***** DATA BLOCK *****

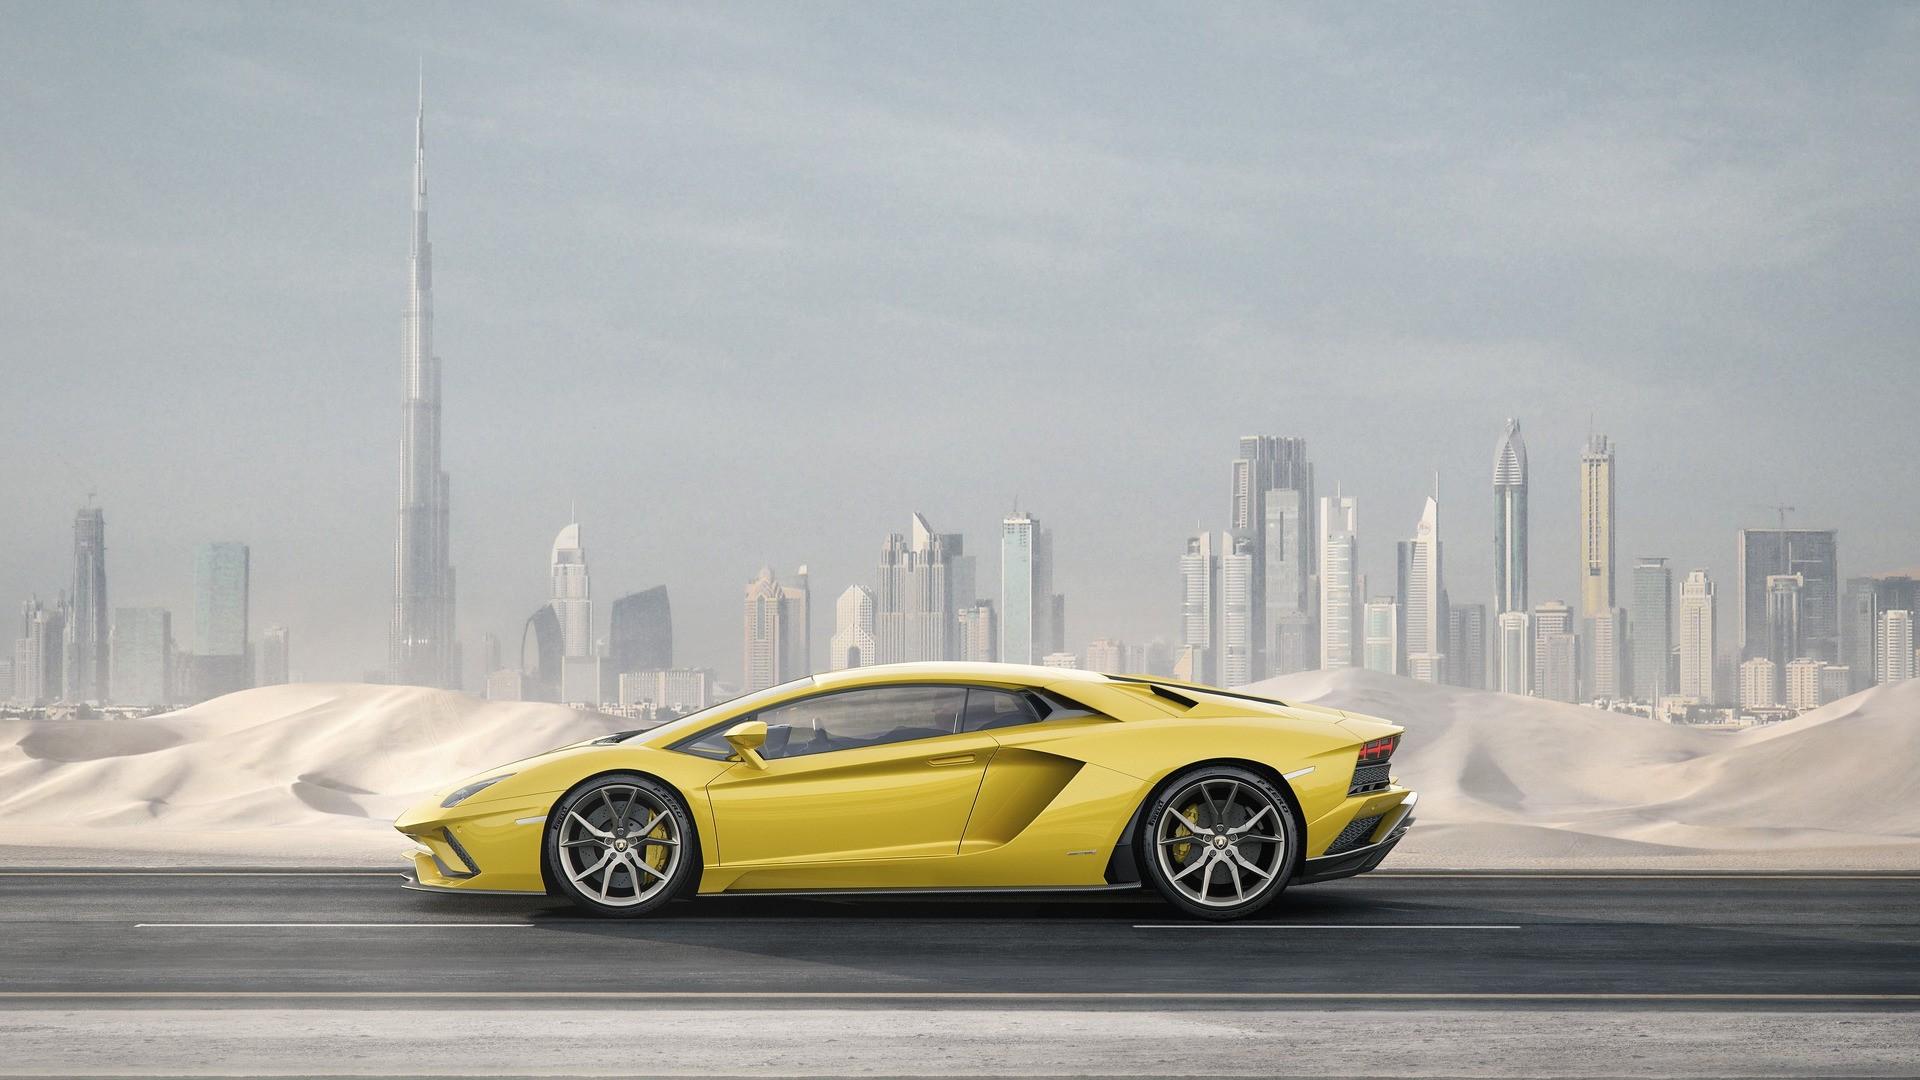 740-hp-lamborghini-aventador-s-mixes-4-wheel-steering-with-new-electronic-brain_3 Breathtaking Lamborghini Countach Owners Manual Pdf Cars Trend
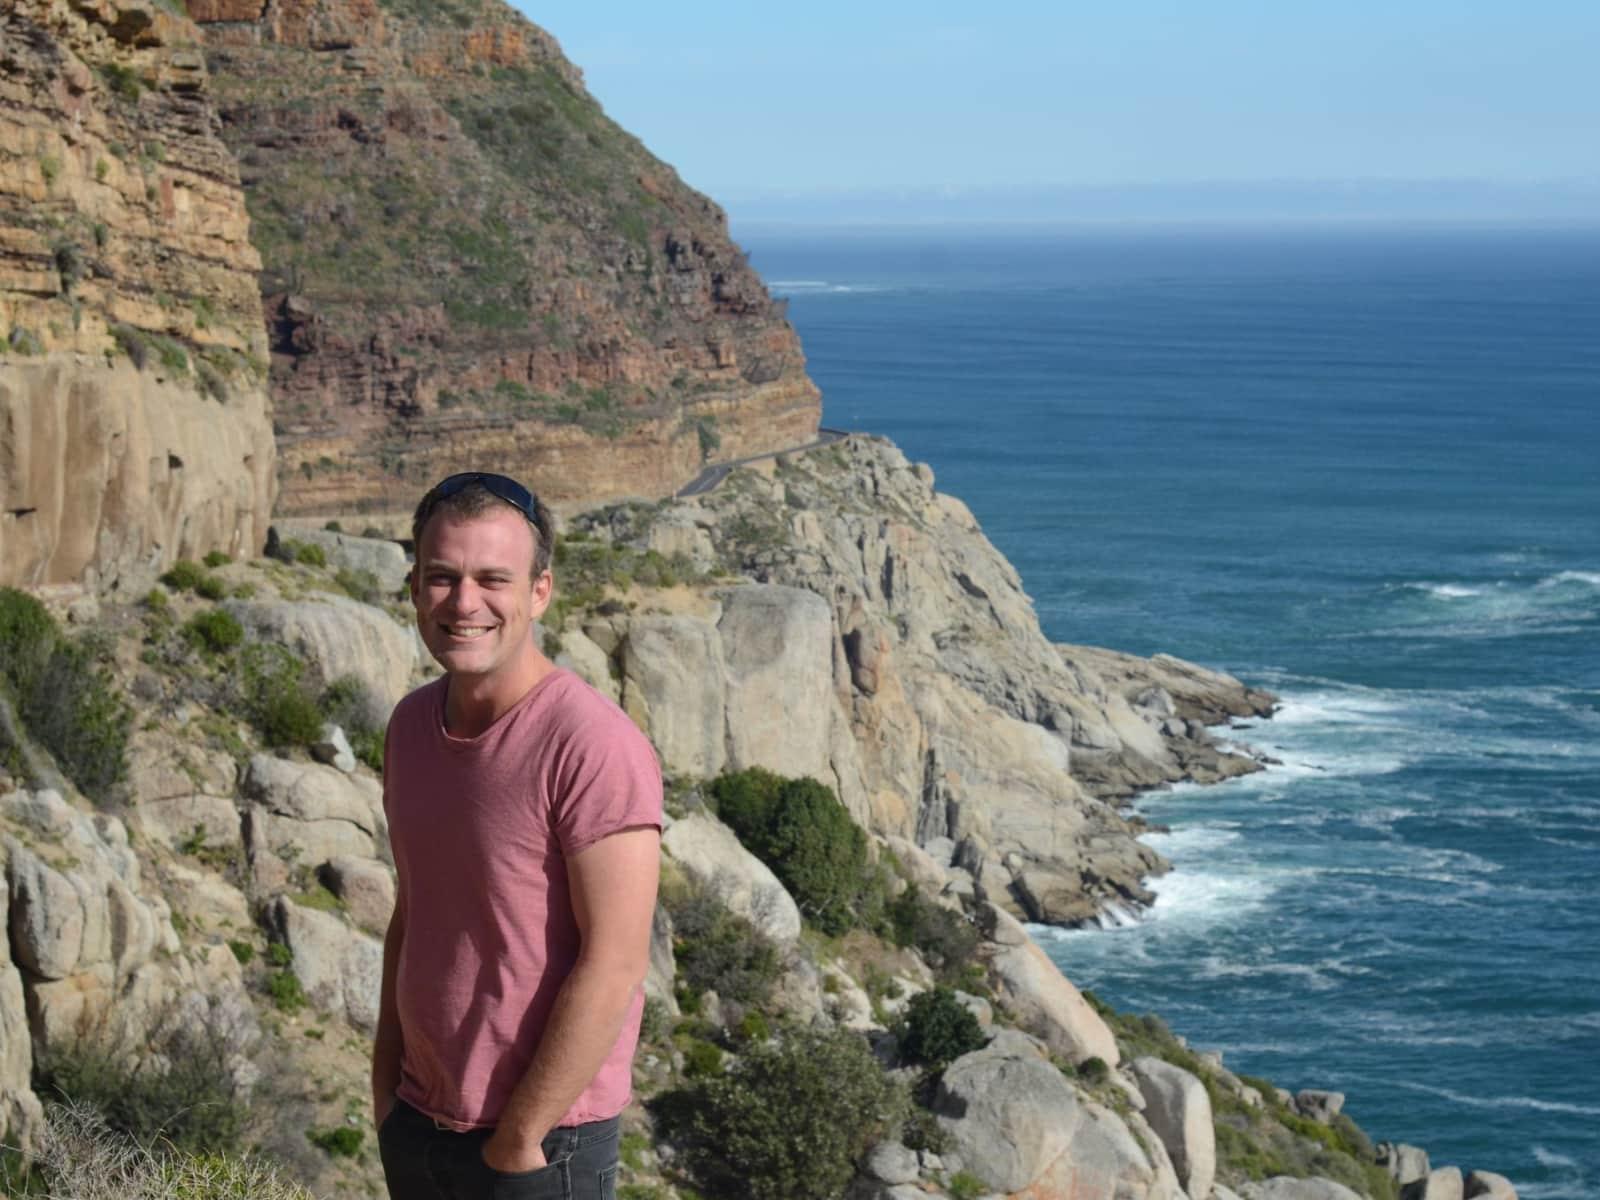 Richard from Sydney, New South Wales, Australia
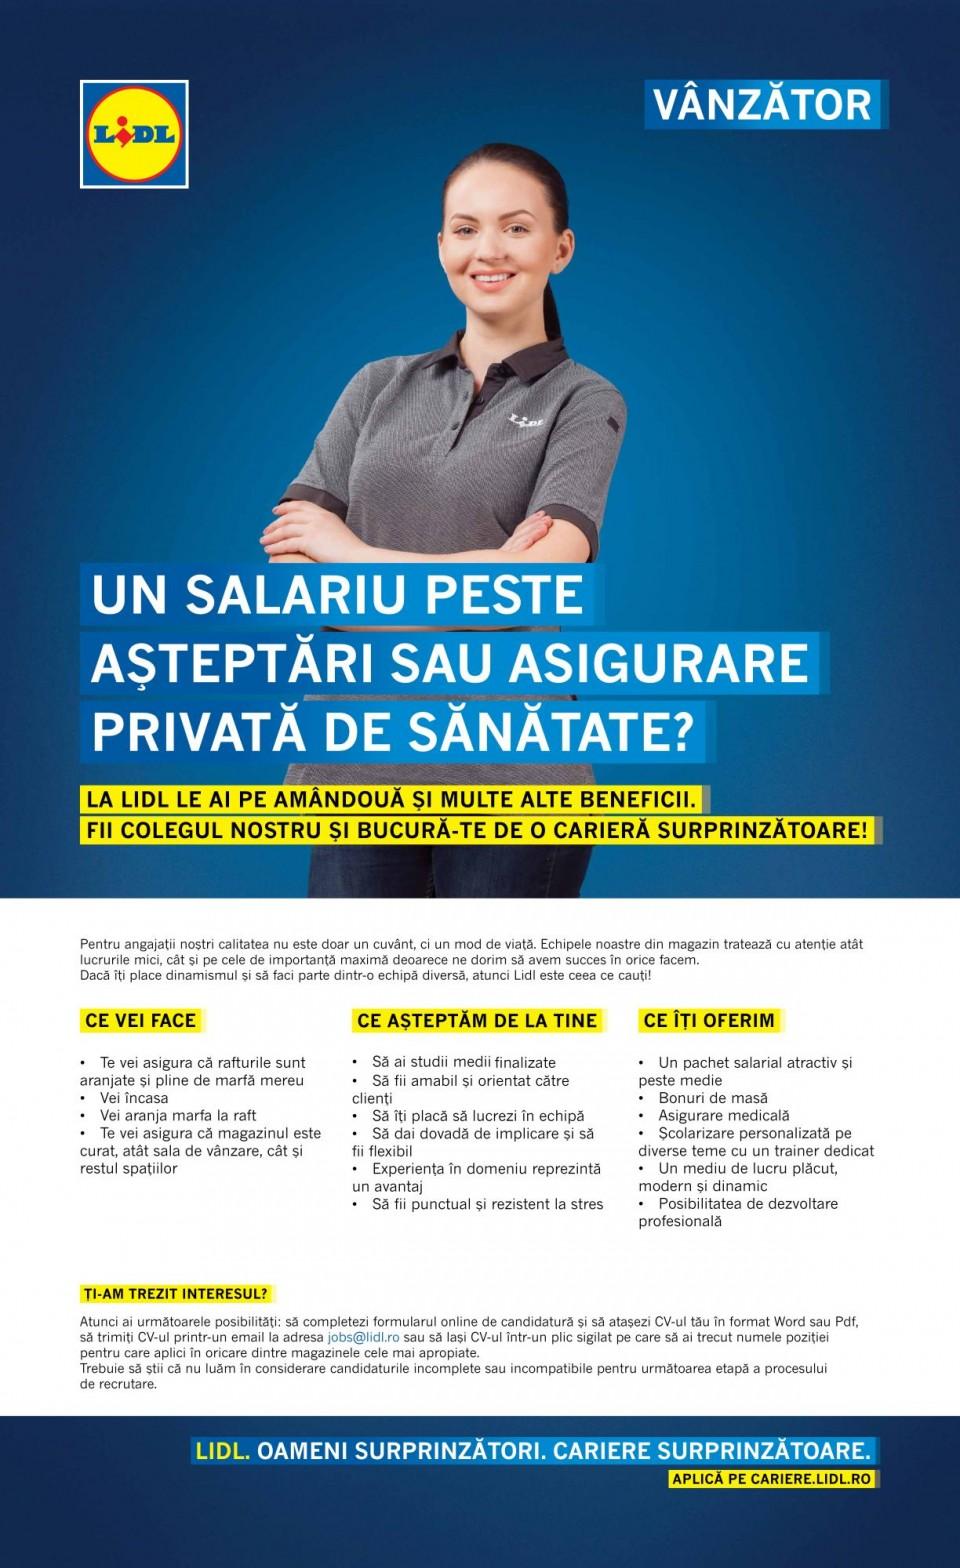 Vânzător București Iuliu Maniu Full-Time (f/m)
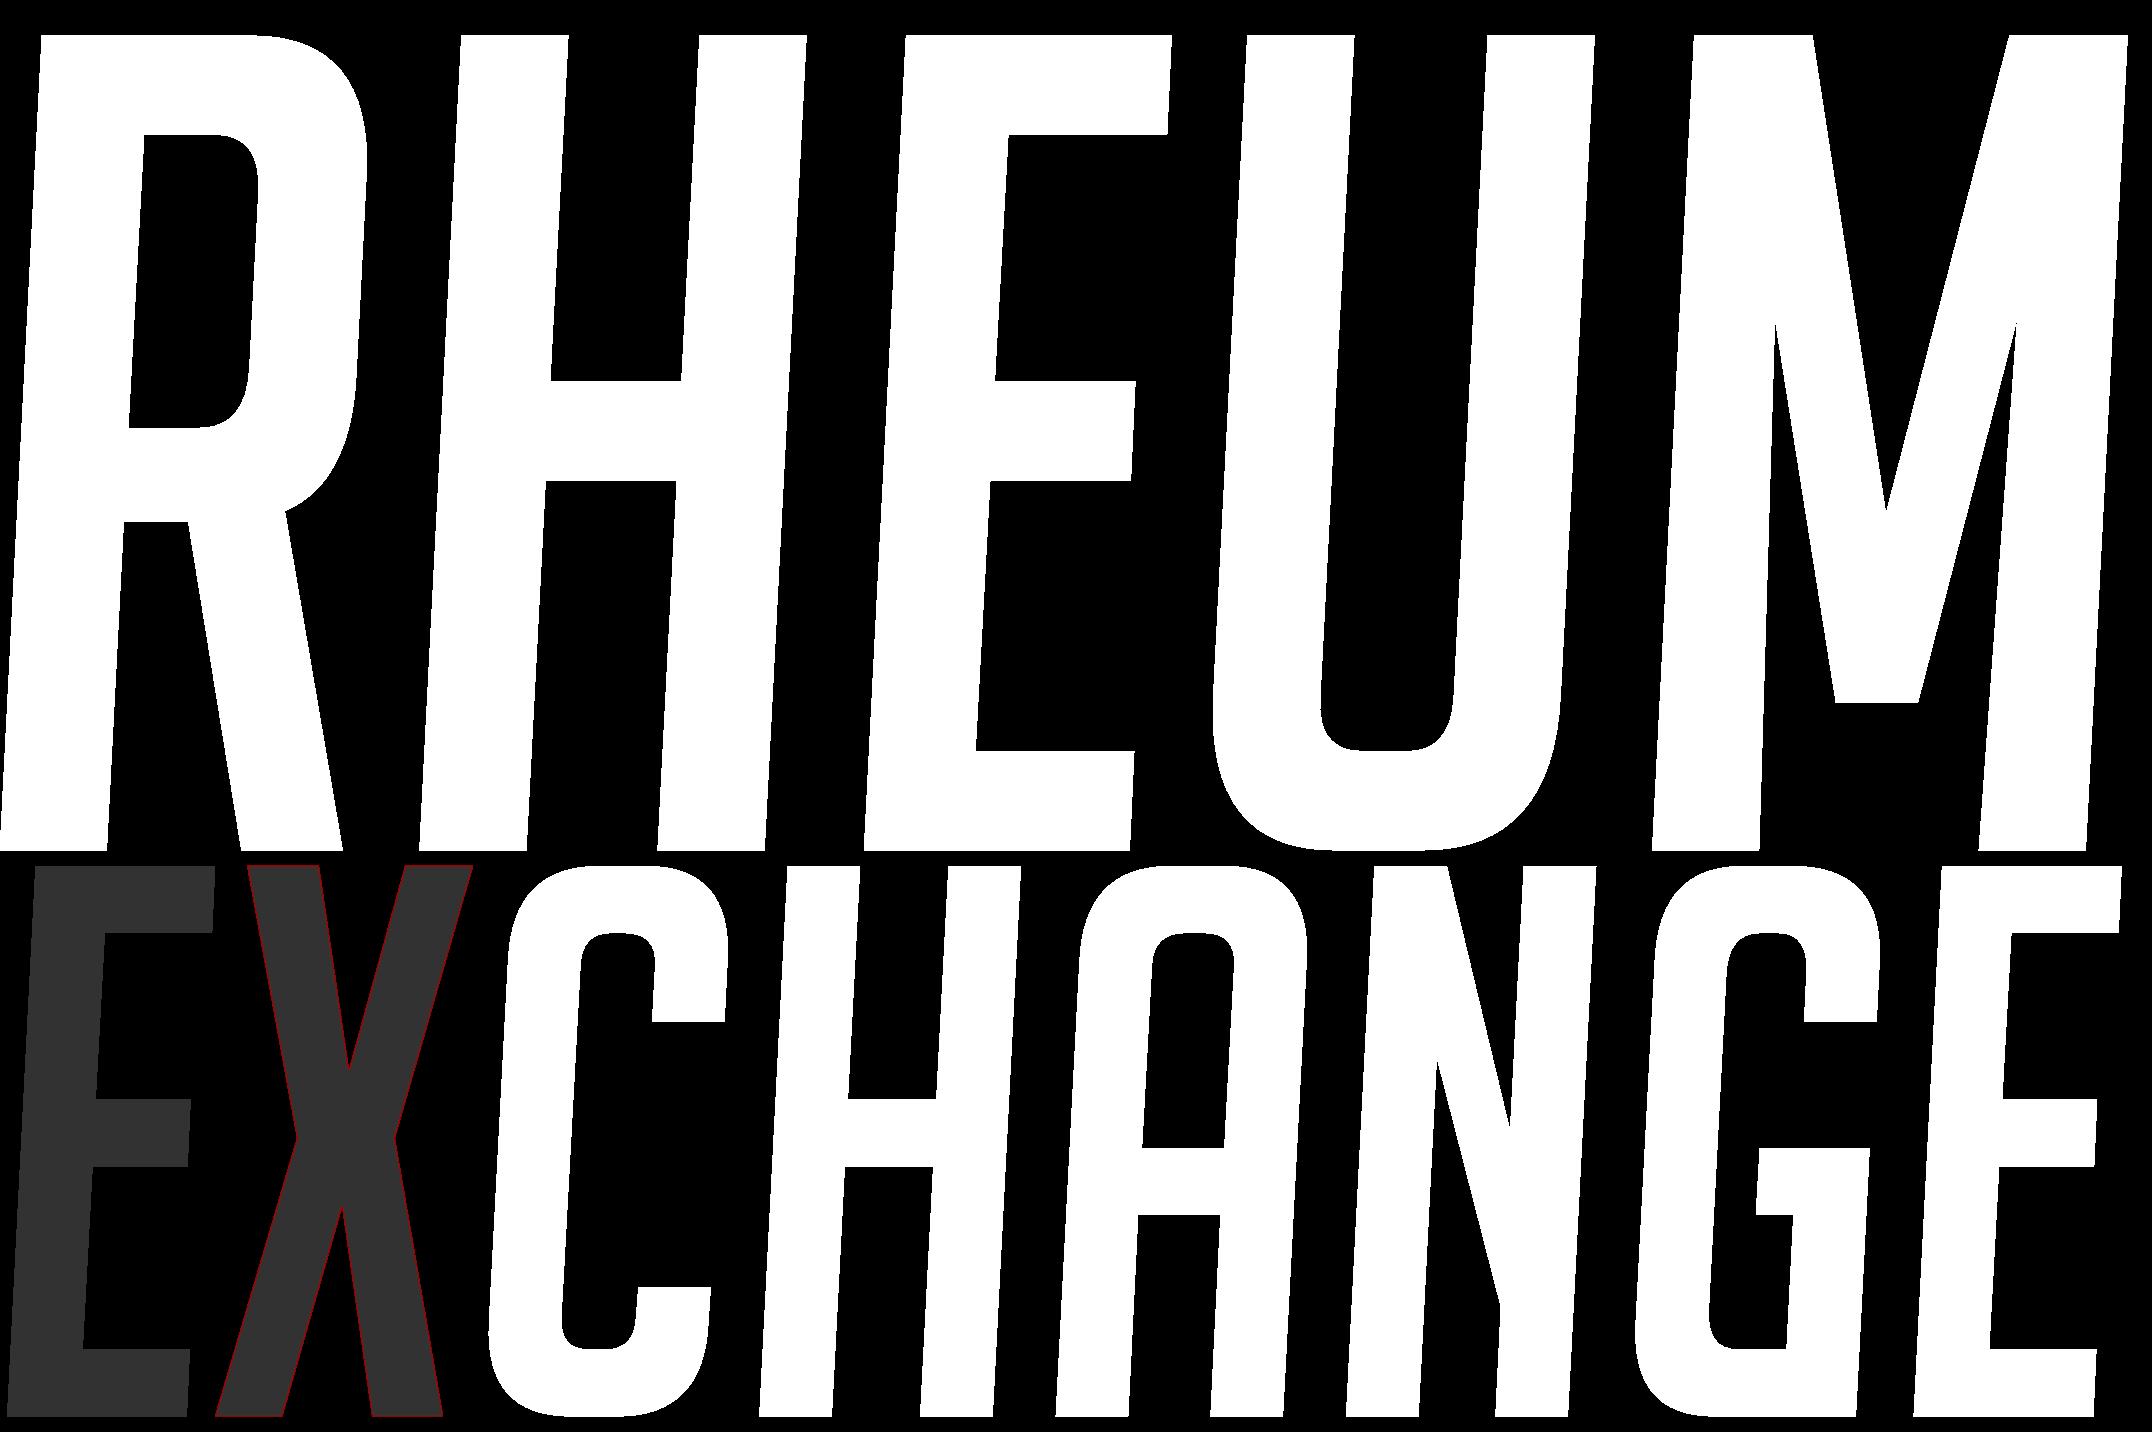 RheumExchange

*****

TASK PROMPT> Once the pictures are set aside, restate the remaining data above exactly.

SOLUTION FOR THIS TASK>
 740-hp-lamborghini-aventador-s-mixes-4-wheel-steering-with-new-electronic-brain_3 Breathtaking Lamborghini Countach Owners Manual Pdf Cars Trend
 Richard from Sydney, New South Wales, Australia
 Vânzător București Iuliu Maniu Full-Time (f/m)
 RheumExchange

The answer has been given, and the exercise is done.